DOI: https://doie.org/10.0612/Jbse.2024946272
Avinash S Joshi, Dr. Gopal A. Bidkar
Machine learning; channel estimation; MIMO-OFDM; frequency selective channels
The system performance of wireless networks heavily relies on channel estimation. Moreover, the application of deep learning has shown substantial advancements in improving communication reliability and decreasing the computational complexity of 5G and beyond networks. While least squares (LS) estimation is widely employed for obtaining channel estimates due to its cost-effectiveness and independence from prior statistical information about the channel, it is associated with a relatively high estimation error.
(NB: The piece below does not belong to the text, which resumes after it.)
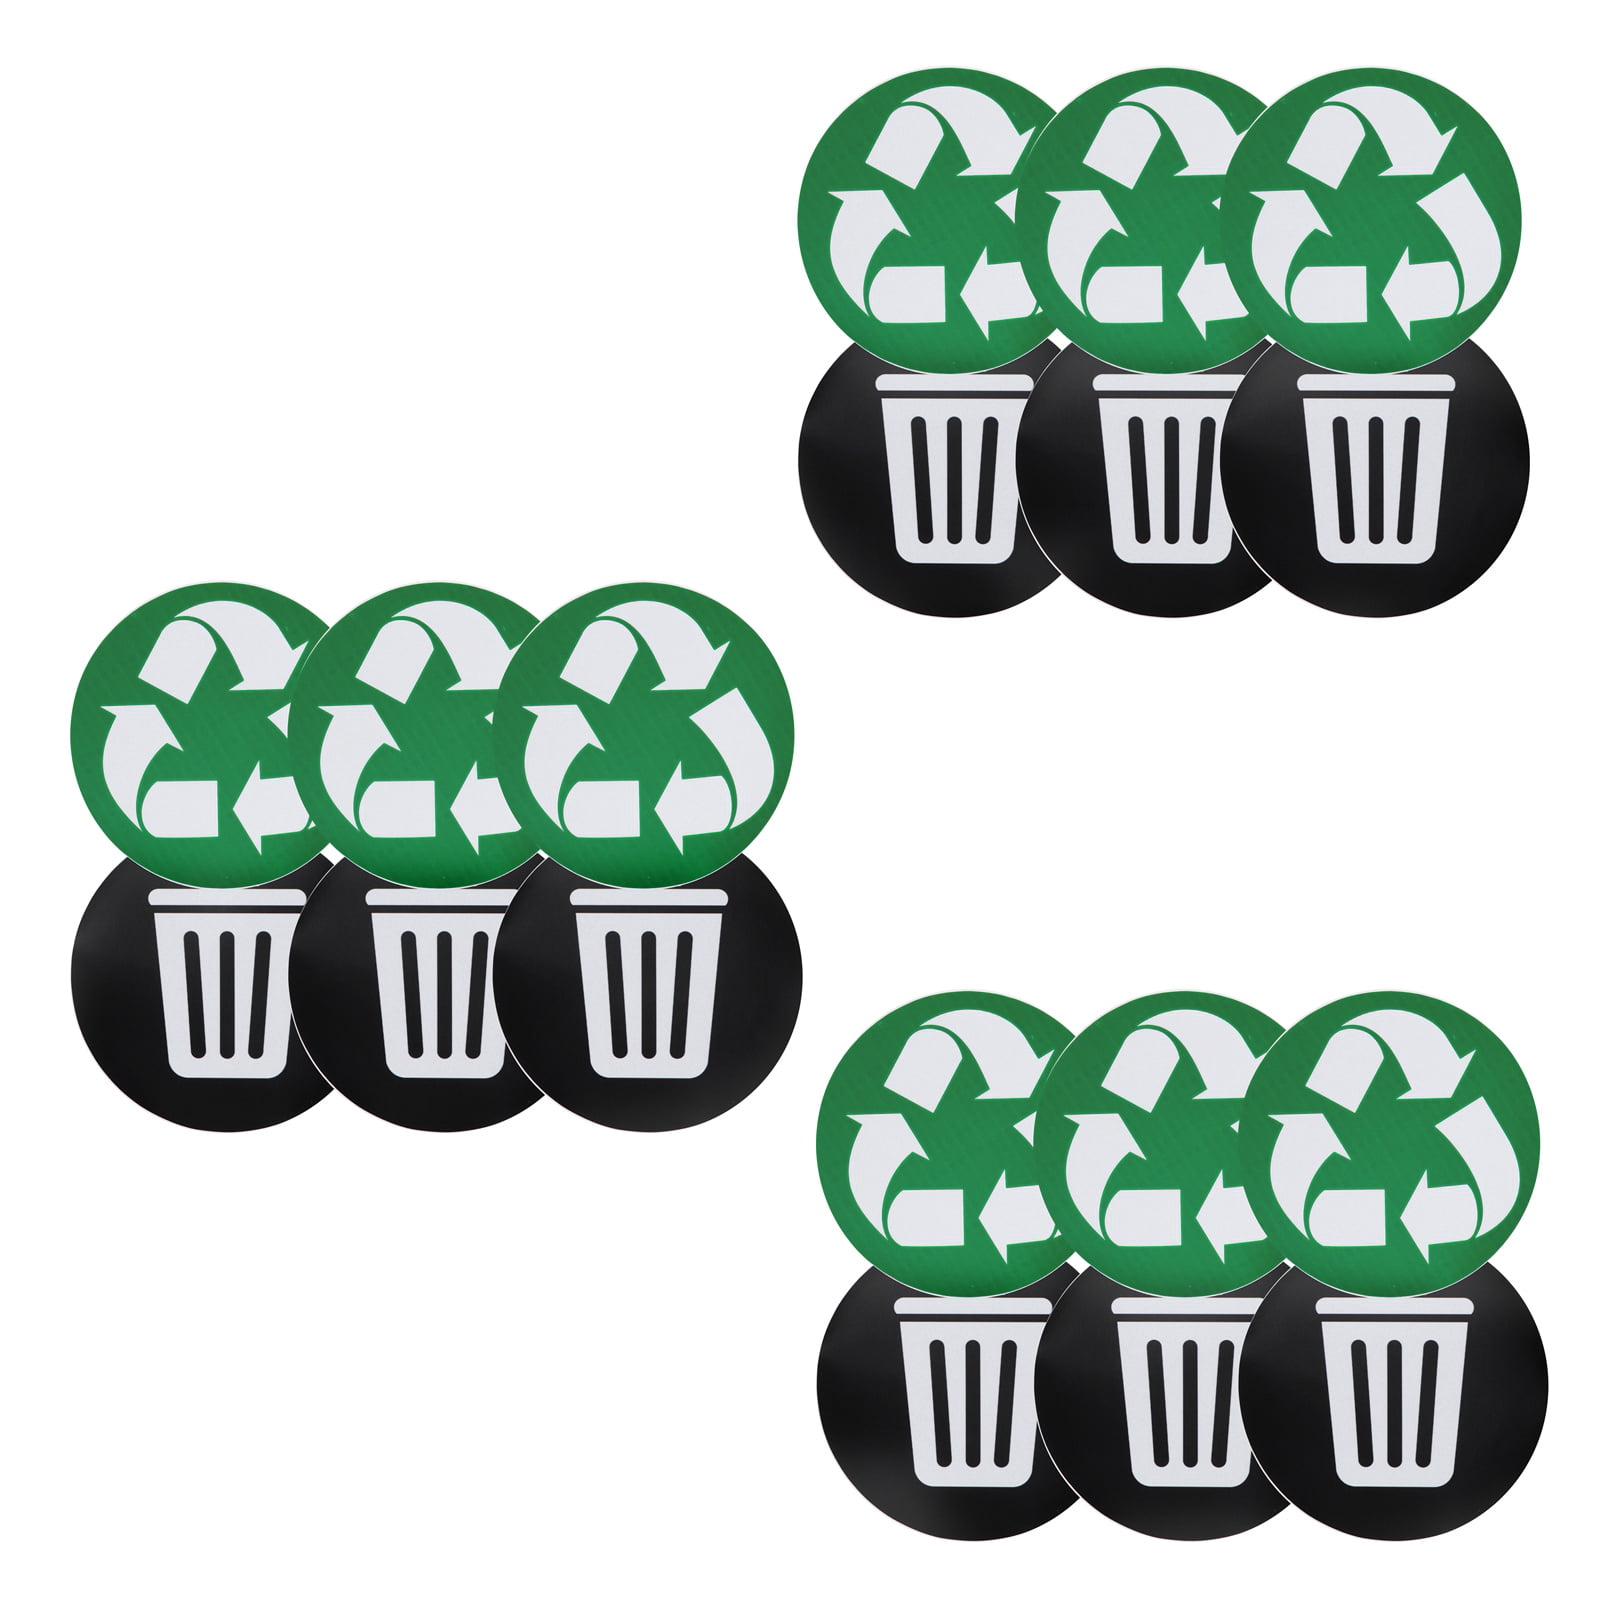 4.9in Round Waterproof Self Adhesive Recycle Trash Sticker Decal Organize Trash Cans for Cans Garbage Containers Bins 18PCS /Set Recycle Label Recycle Sticker 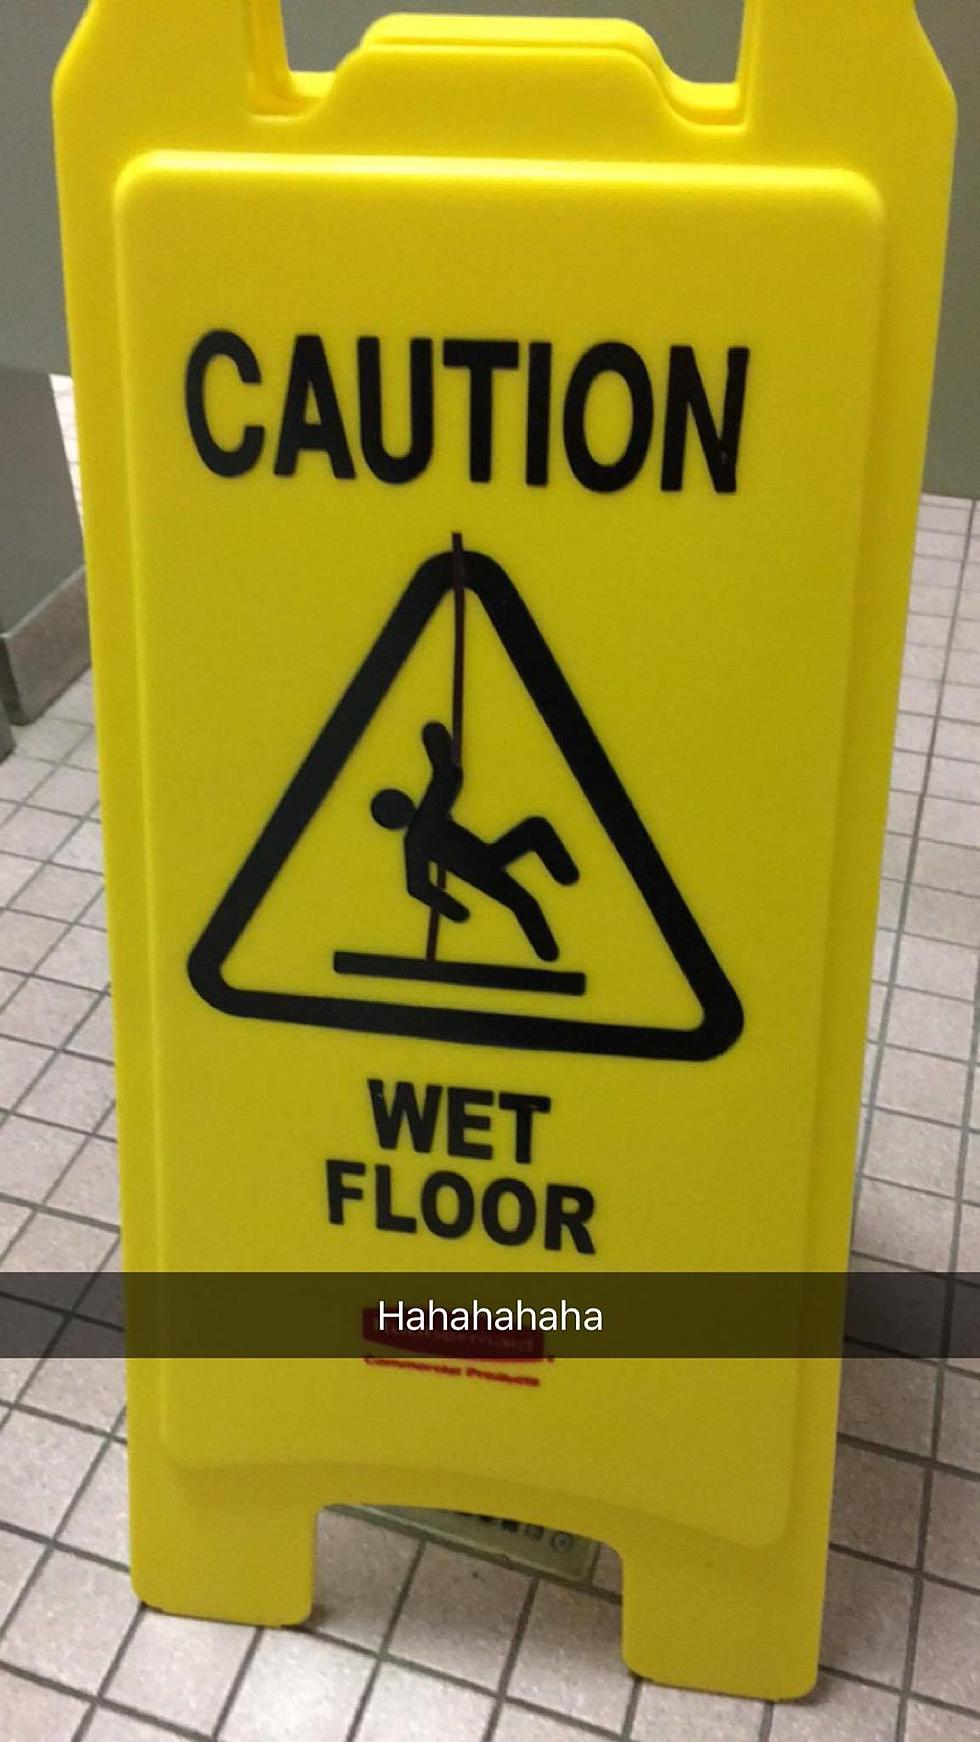 How to Make Caution Signs More Entertaining [PHOTO]

The presented paper suggests a novel channel estimation framework leveraging deep learning to enhance the accuracy of channel estimates obtained through the least squares (LS) approach. The objective is realized by employing a MIMO (multiple-input multiple-output) system with a multi-path channel profile, simulating scenarios in 5G and beyond networks, considering the level of mobility indicated by Doppler effects. The construction of the system model is applicable to any number of transceiver antennas, and the machine learning module is designed to be versatile, allowing the utilization of various neural network architectures. The numerical findings illustrate the effectiveness of the newly introduced deep learning-based channel estimation framework compared to conventional methods widely employed in prior research. Furthermore, among the examined artificial neural network architectures, bidirectional long short-term memory exhibits the highest quality in channel estimation and the lowest bit error ratio.